> _Description of the task_: Every line of the listing below should be written out exactly, minus its pictures.

> _Source data_:
== Segment start ==
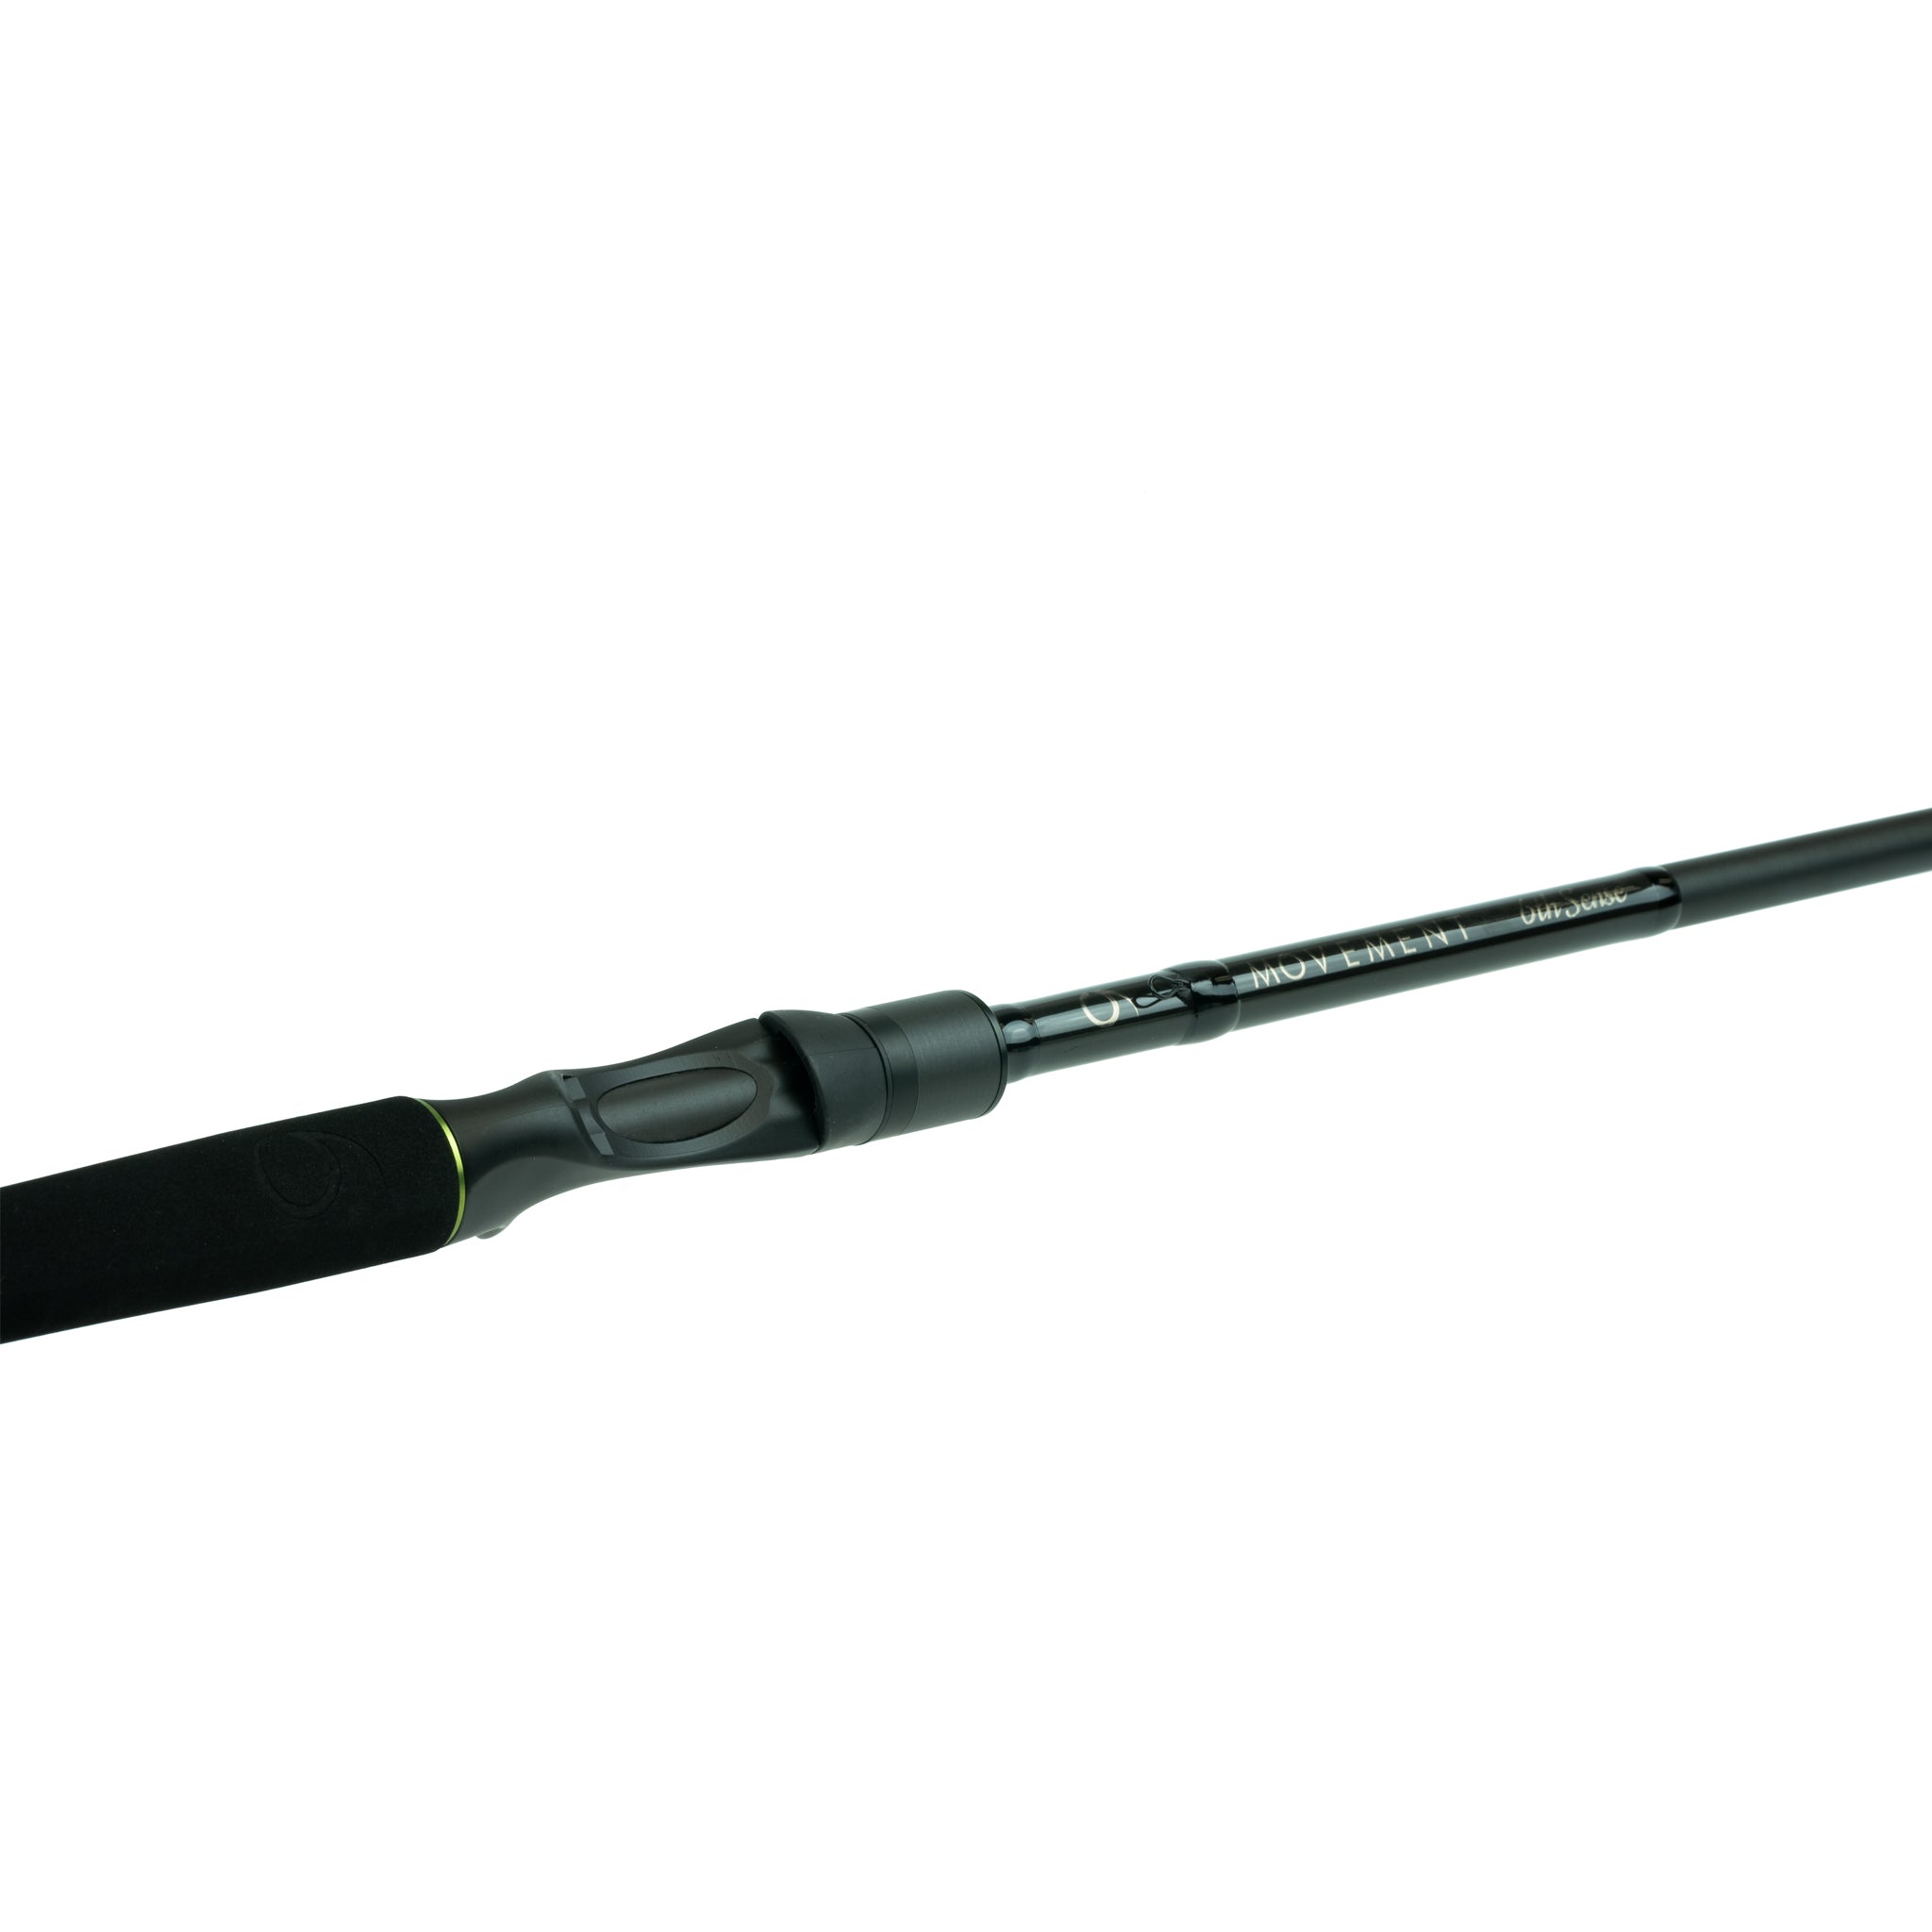 6th Sense Fishing Heater Series Rod - 7'5 Med, Moderate 
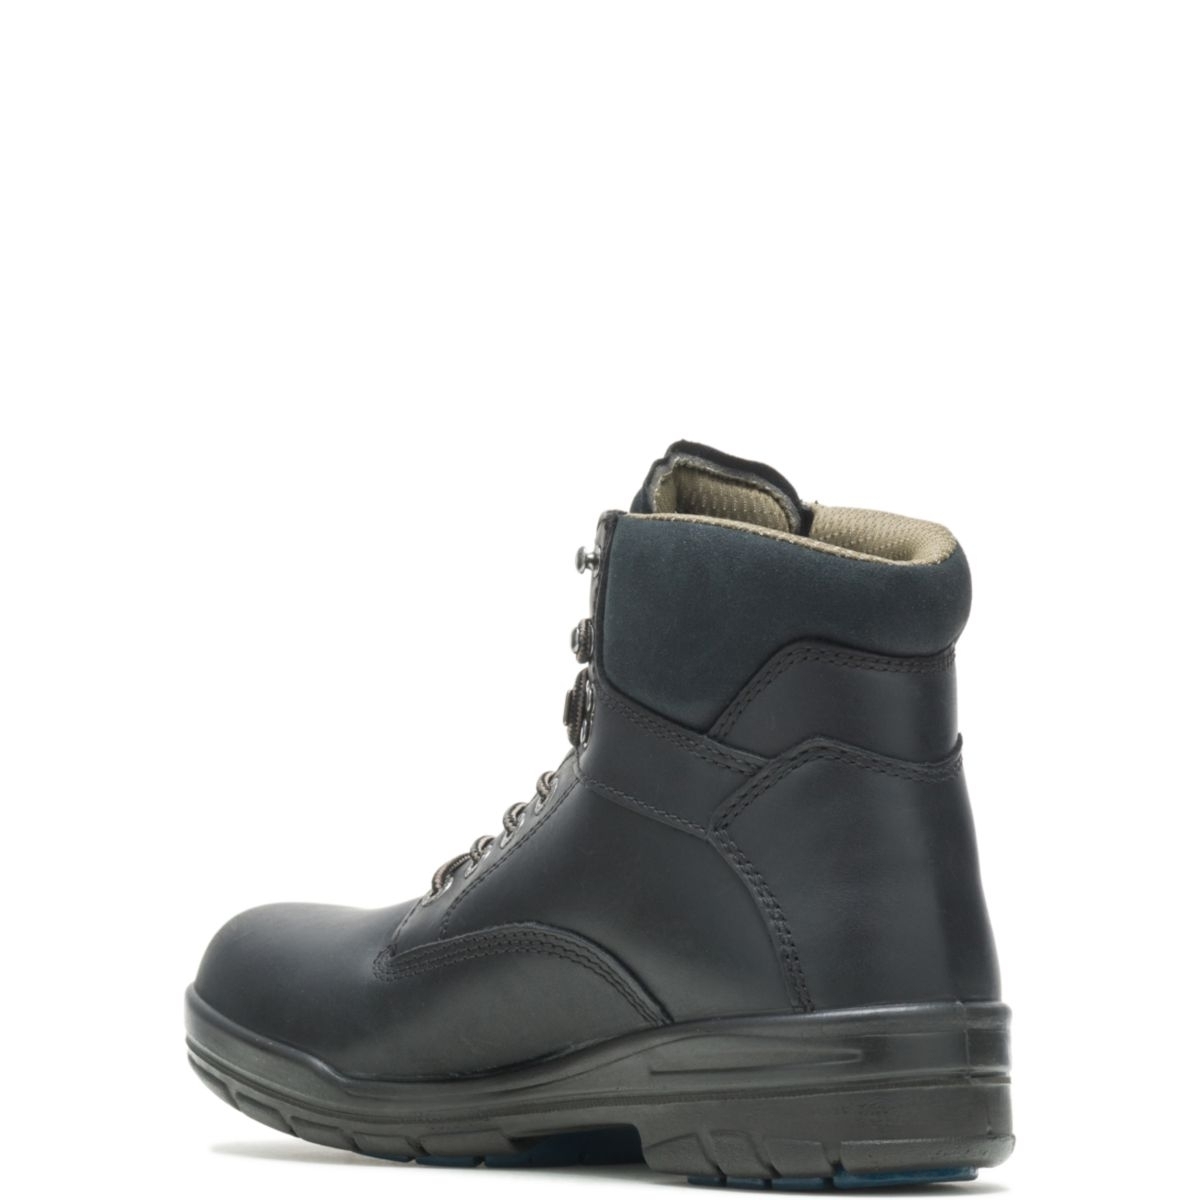 WOLVERINE Men's 6 DuraShocksÂ® Slip Resistant Direct-Attached Lined Soft Toe Work Boot Black - W03123 14 WIDE BLACK - BLACK, 7 Wide
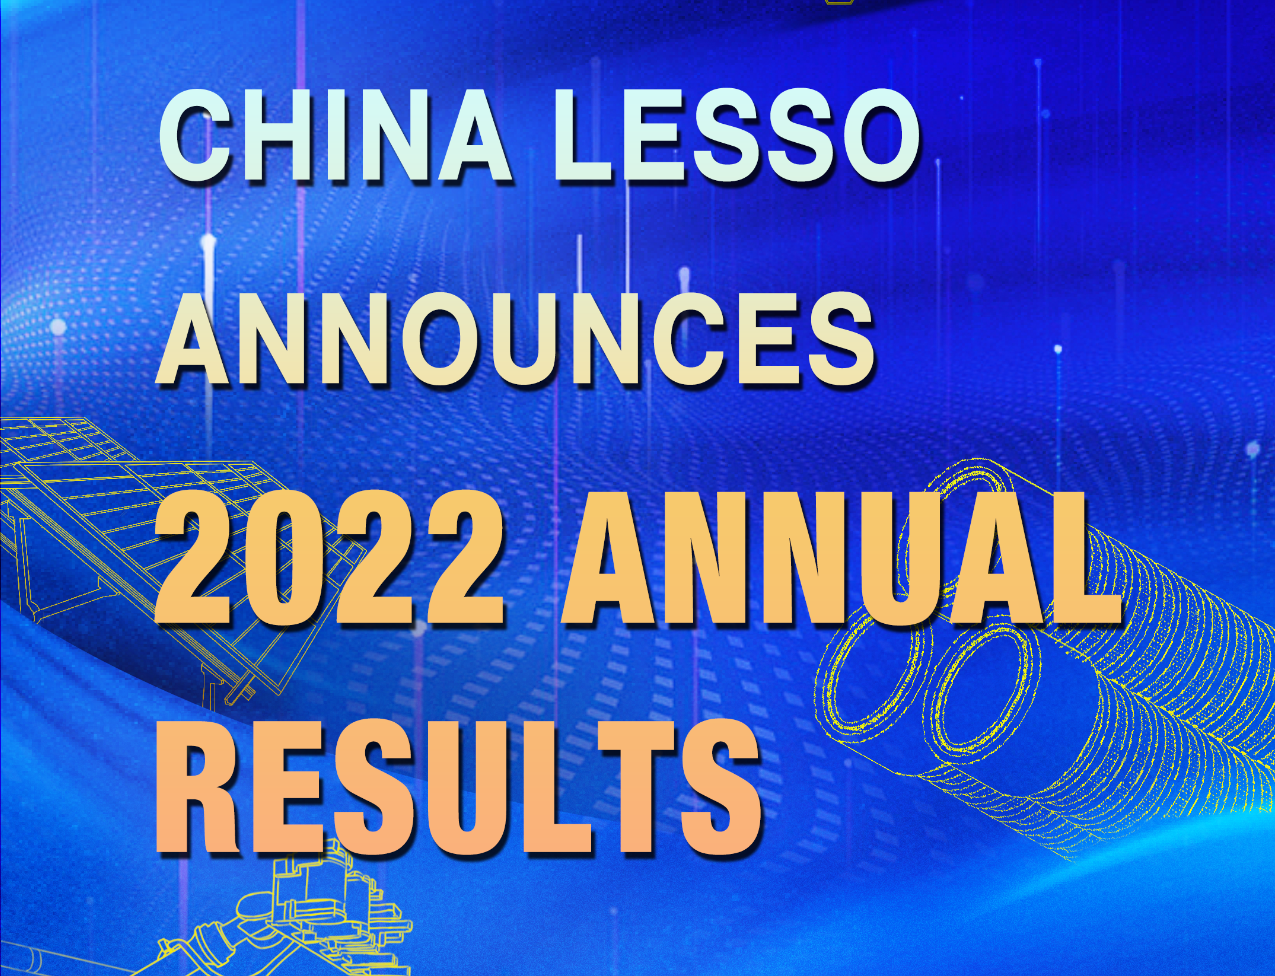 China Lesso Announces 2022 Annual Results
== Segment end ==
> _Result_:
 6th Sense Fishing Heater Series Rod - 7'5 Med, Moderate 
 WOLVERINE Men's 6 DuraShocksÂ® Slip Resistant Direct-Attached Lined Soft Toe Work Boot Black - W03123 14 WIDE BLACK - BLACK, 7 Wide
 China Lesso Announces 2022 Annual Results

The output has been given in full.